In closing, these statutory instruments make mostly technical changes, which are necessary to ensure that our statute book remains up to date and adequately reflects the UK’s exit from the EU. They also make important provision regarding the provision of services into the UK, either by ensuring that UK firms and investors can access the products and services that best suit their needs, or by giving UK authorities appropriate control over when certain services can be provided. I hope the Committee will join me in supporting these regulations, and I commend them to the Committee.
I thank the Opposition spokesperson for his points. He knows this area well and I am glad he supports the work that we are doing. We will keep an eye on the timeline, as he says, but regulatory and supervisory frameworks of the UK and other jurisdictions can change over time, so it is important that the Government monitor that; we will be keeping an eye on it. We want to ensure that the changes that happen in the UK and regimes in the EU and other overseas regimes are compatible with the existing equivalence determinations with an outcomes-based approach. So he is right to say it is important for the growth of the financial services sector. I have already taken proportionate steps to monitor any changes over the timeframe pertinent to existing equivalence determinations, but I will keep an eye on the deadline and the wider growth. The FCA has made the process very clear for funds, and it is working closely with the firms as well.
Further exact timings can be found on the FCA’s website. I am also happy to write to the hon. Gentleman if he would like. All UK equivalence decisions are taken on their own merits, following a technical, outcomes-based assessment of the other country or territory’s regulatory and supervisory regime. So the Government will make equivalence decisions when it is in the UK’s interests to make them—I am sure he is aware of that—but any decisions regarding the granting of equivalence decisions for the UK are a matter for the European Commission.
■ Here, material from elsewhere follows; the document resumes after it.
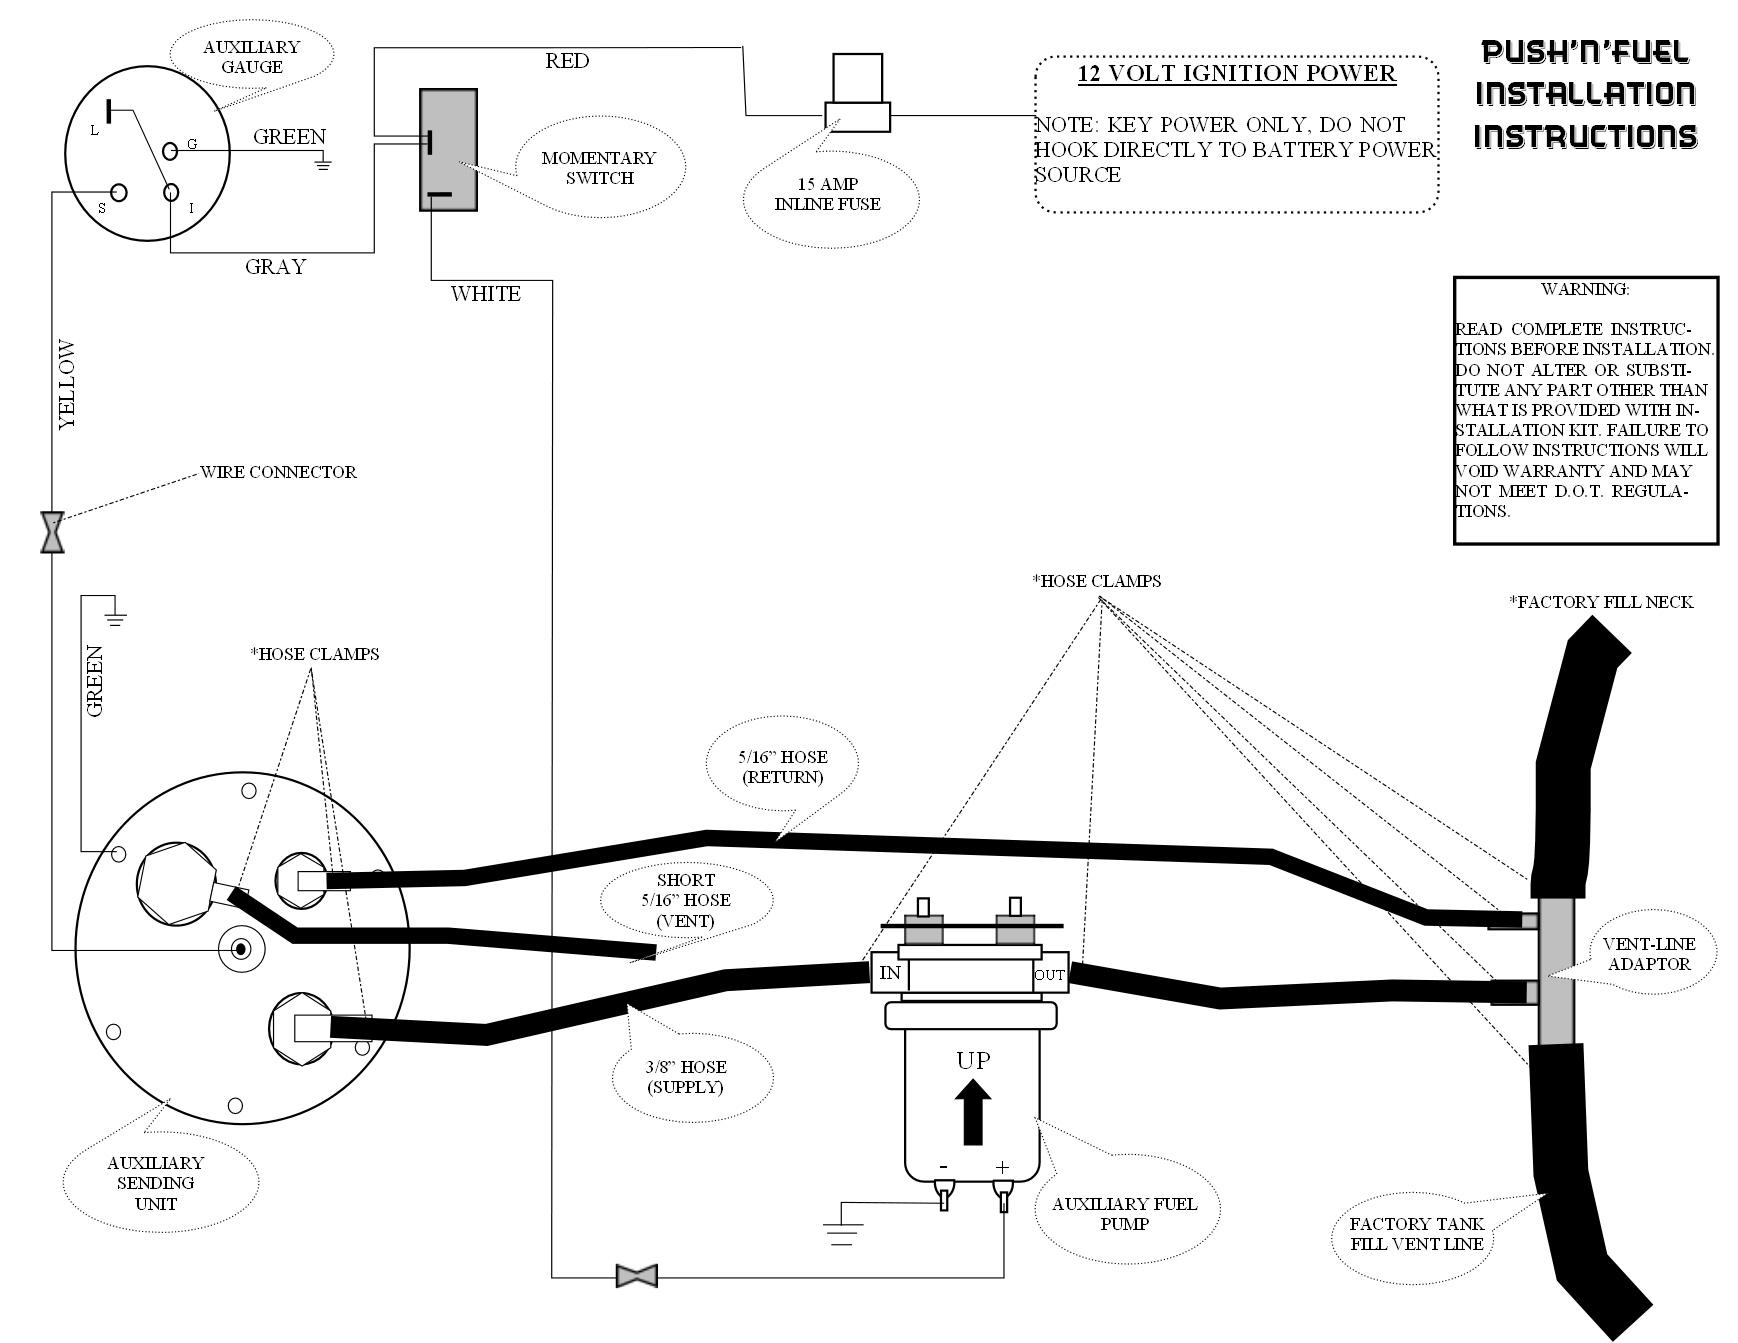 pushnfuel_diagram.JPG

However, I did meet Commissioner McGuinness, the outgoing Commissioner, and I have plans in the diary to meet the new Commissioner. I will raise this subject when I go, because I do think it is important, for the growth of financial services, as the hon. Gentleman says, and for the wider economy.
I hope you found the debate informative, Mr Efford, and I hope hon. Members will join me in supporting the regulations.
I was hanging on your every word.
Question put and agreed to.
DRAFT INSURANCE DISTRIBUTION (REGULATED ACTIVITIES AND MISCELLANEOUS AMENDMENTS) REGULATIONS 2024
Resolved,
That the Committee has considered the draft Insurance Distribution (Regulated Activities and Miscellaneous Amendments) Regulations 2024.—(Tulip Siddiq.)